• **Task details**:
Repeat the listing below word for word, minus the pictures.

• **Given material**:
────────

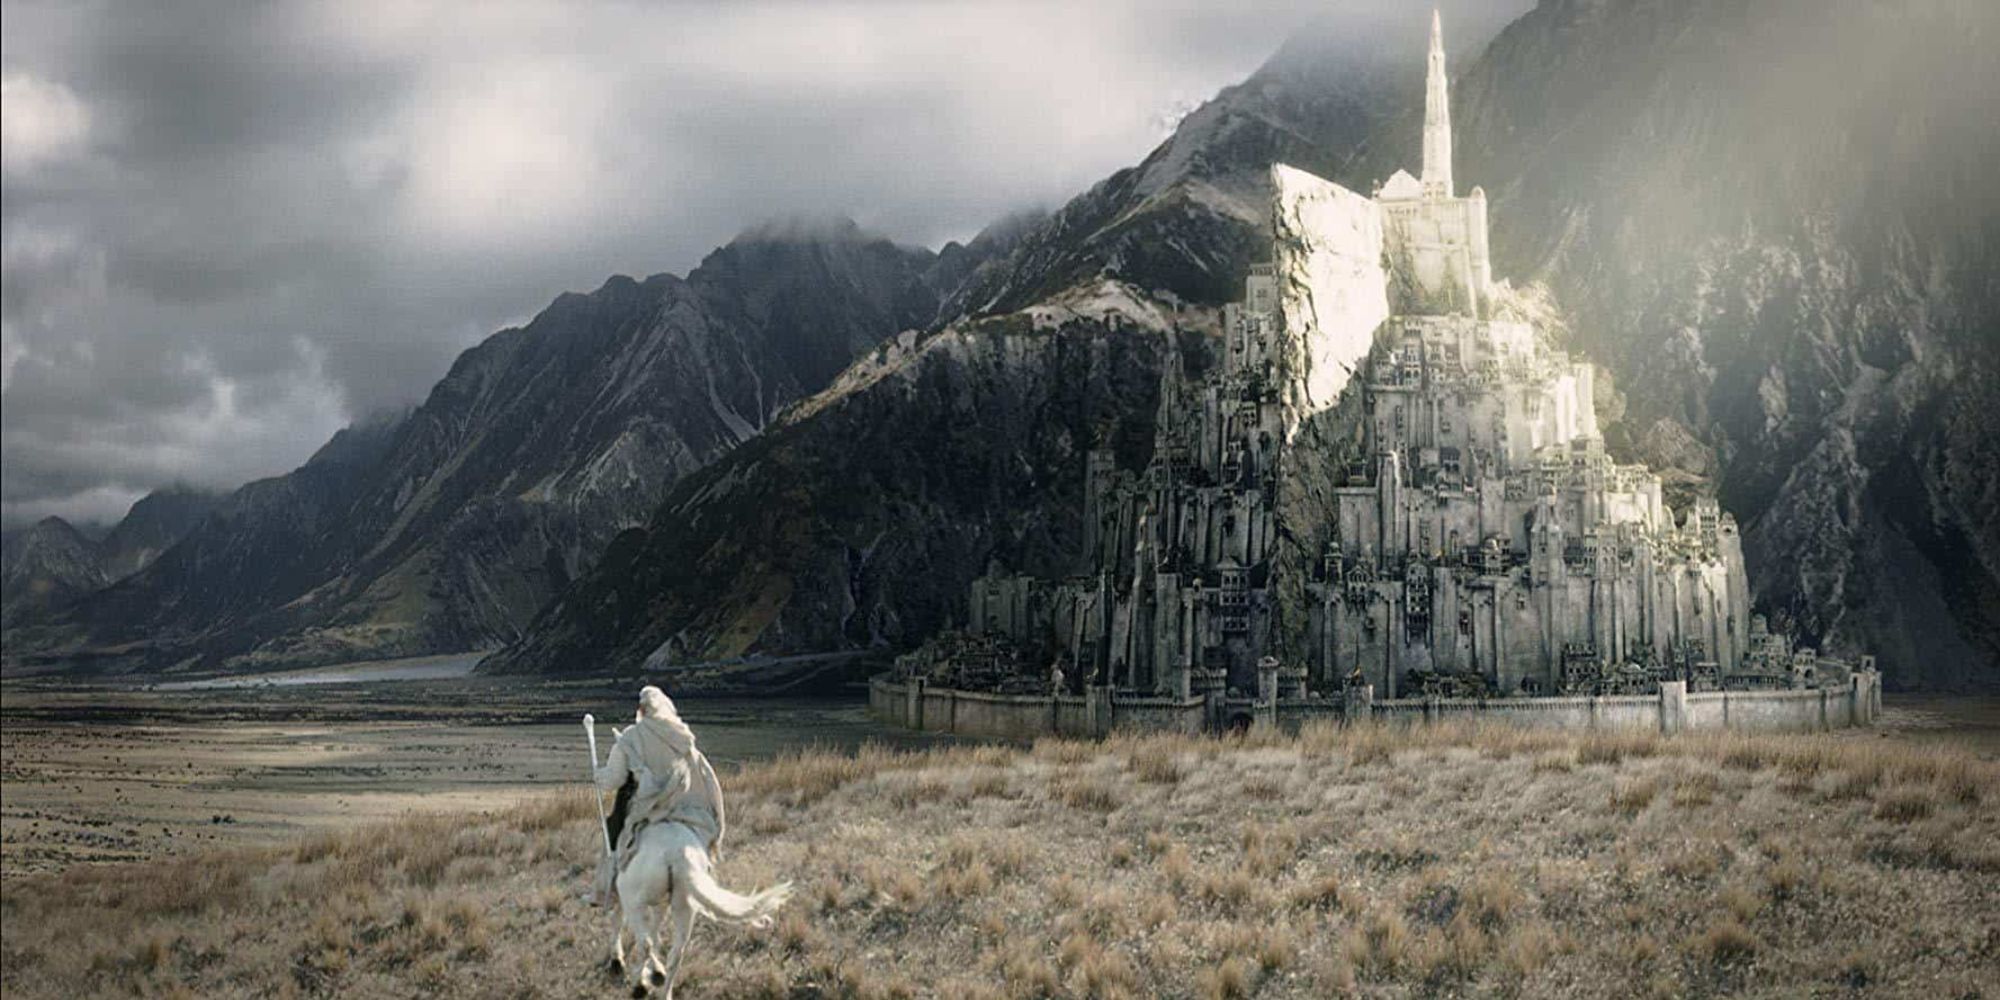 Gandalf riding towards Gondor in The Lord of the Rings: The Return of the King.
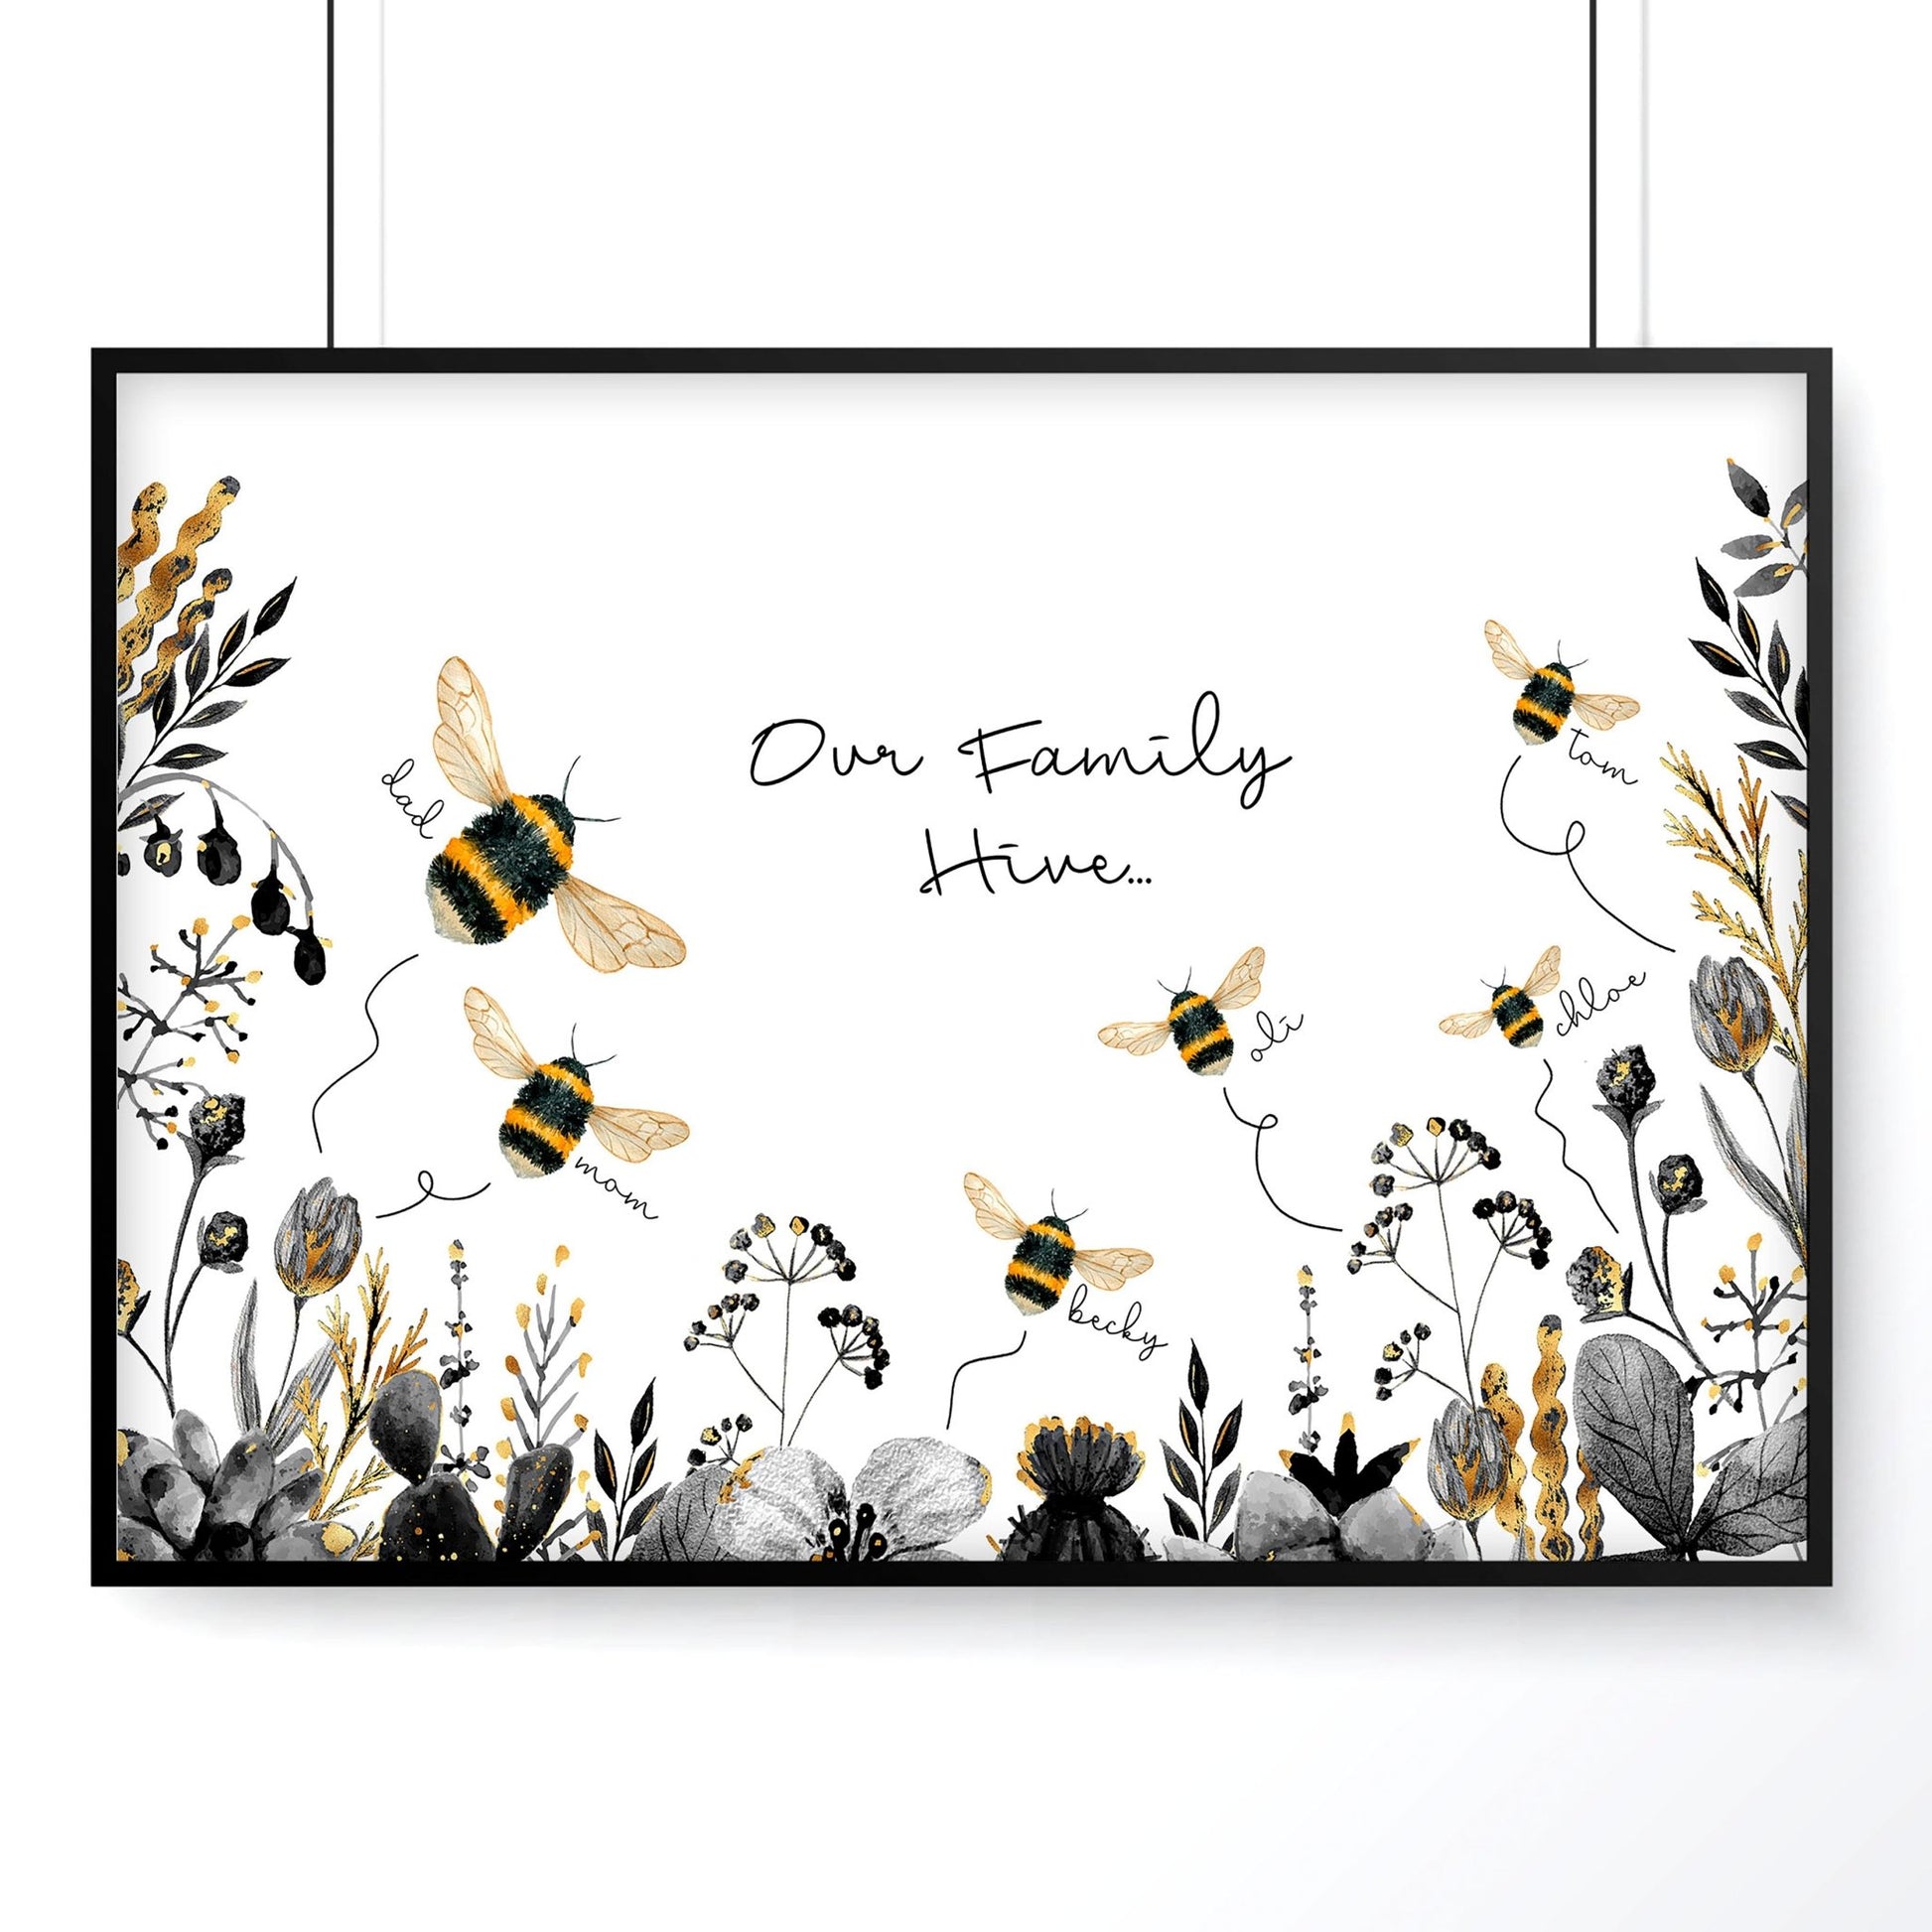 Personalized gifts for family | Bumble bee wall art - About Wall Art
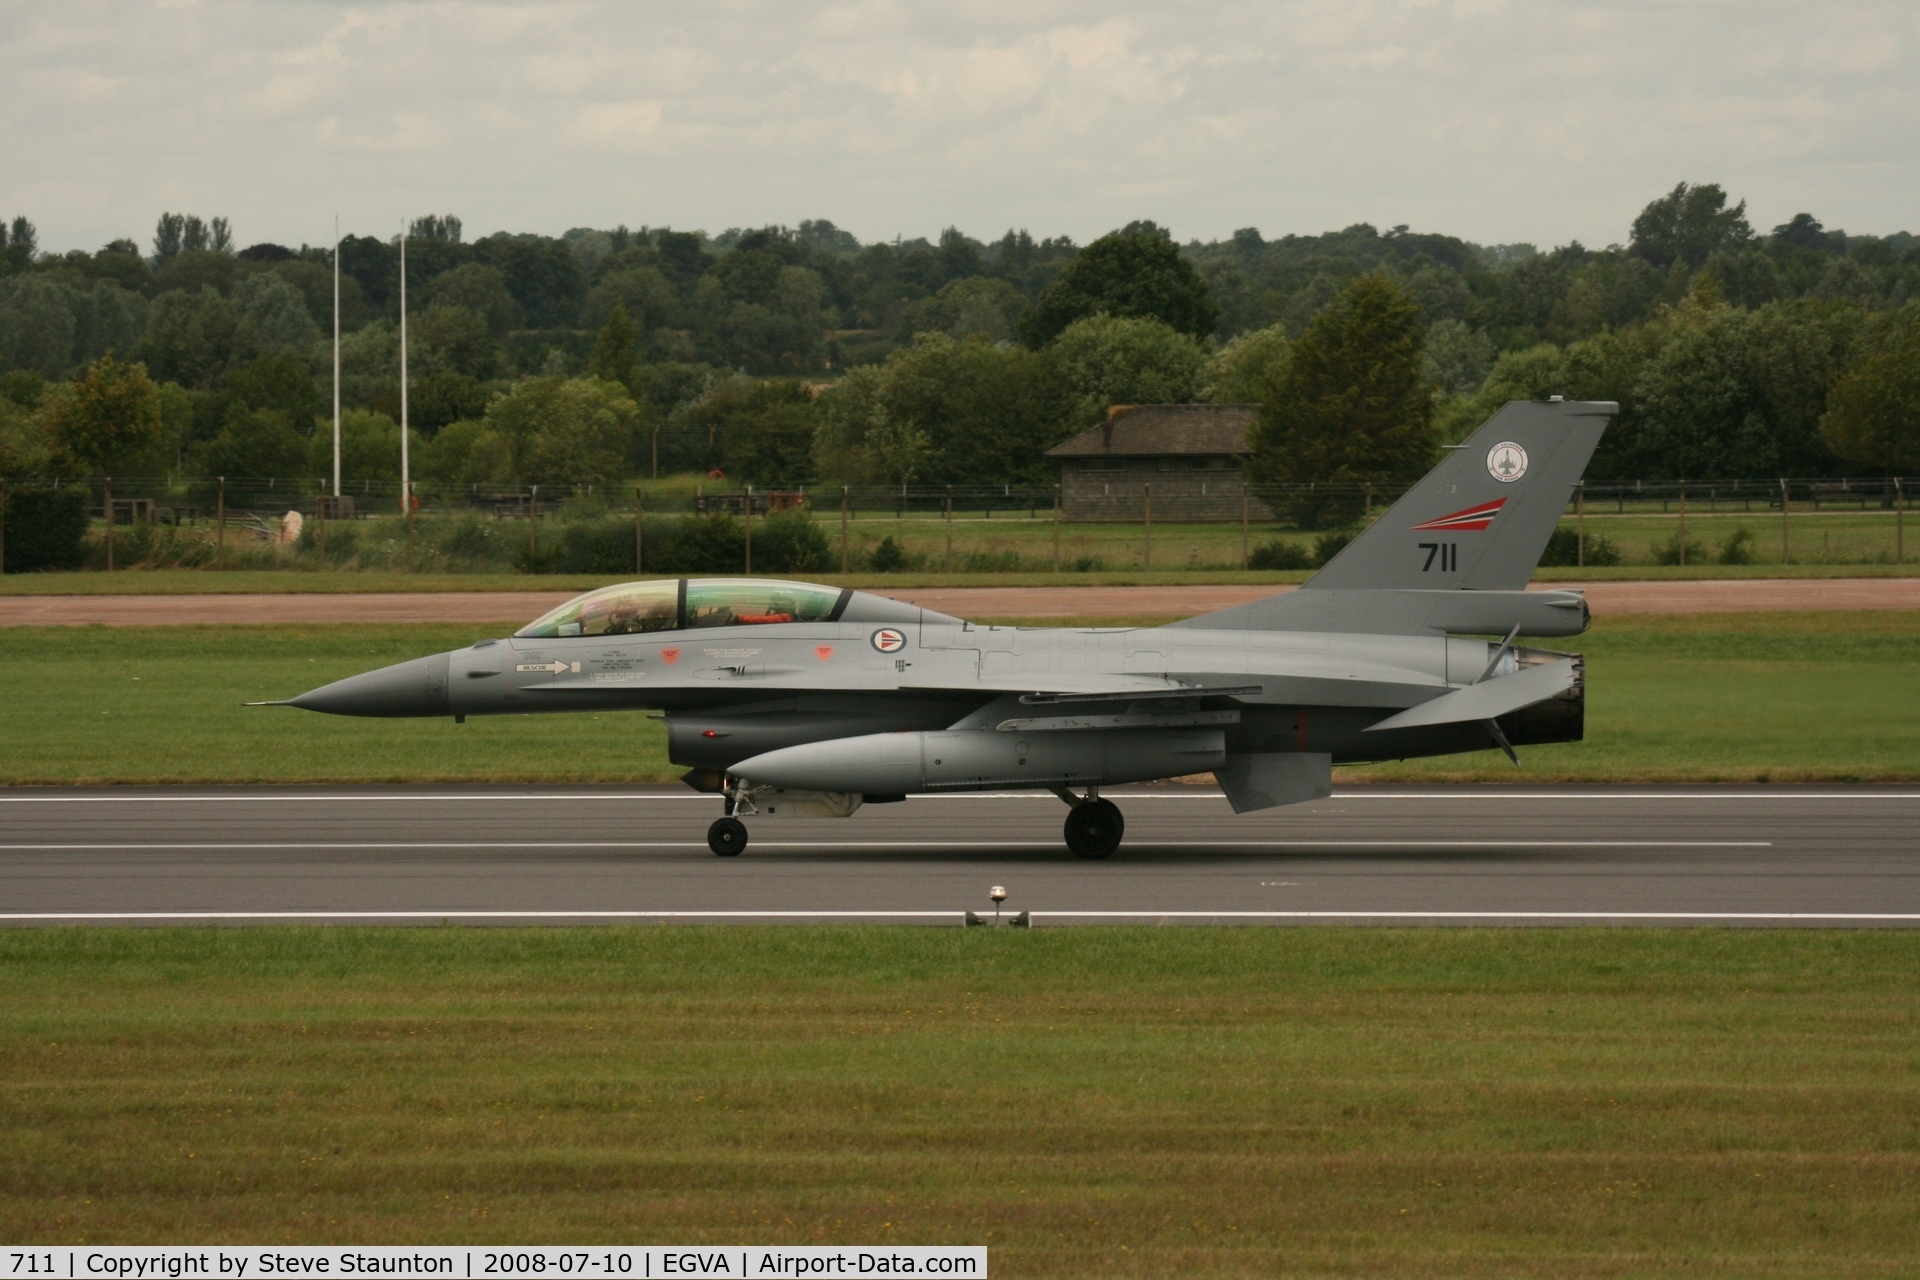 711, 1989 General Dynamics F-16BM Fighting Falcon C/N 6L-13, Taken at the Royal International Air Tattoo 2008 during arrivals and departures (show days cancelled due to bad weather)

────────

• **Your solution**:
 Gandalf riding towards Gondor in The Lord of the Rings: The Return of the King.
 Personalized gifts for family | Bumble bee wall art - About Wall Art
 711, 1989 General Dynamics F-16BM Fighting Falcon C/N 6L-13, Taken at the Royal International Air Tattoo 2008 during arrivals and departures (show days cancelled due to bad weather)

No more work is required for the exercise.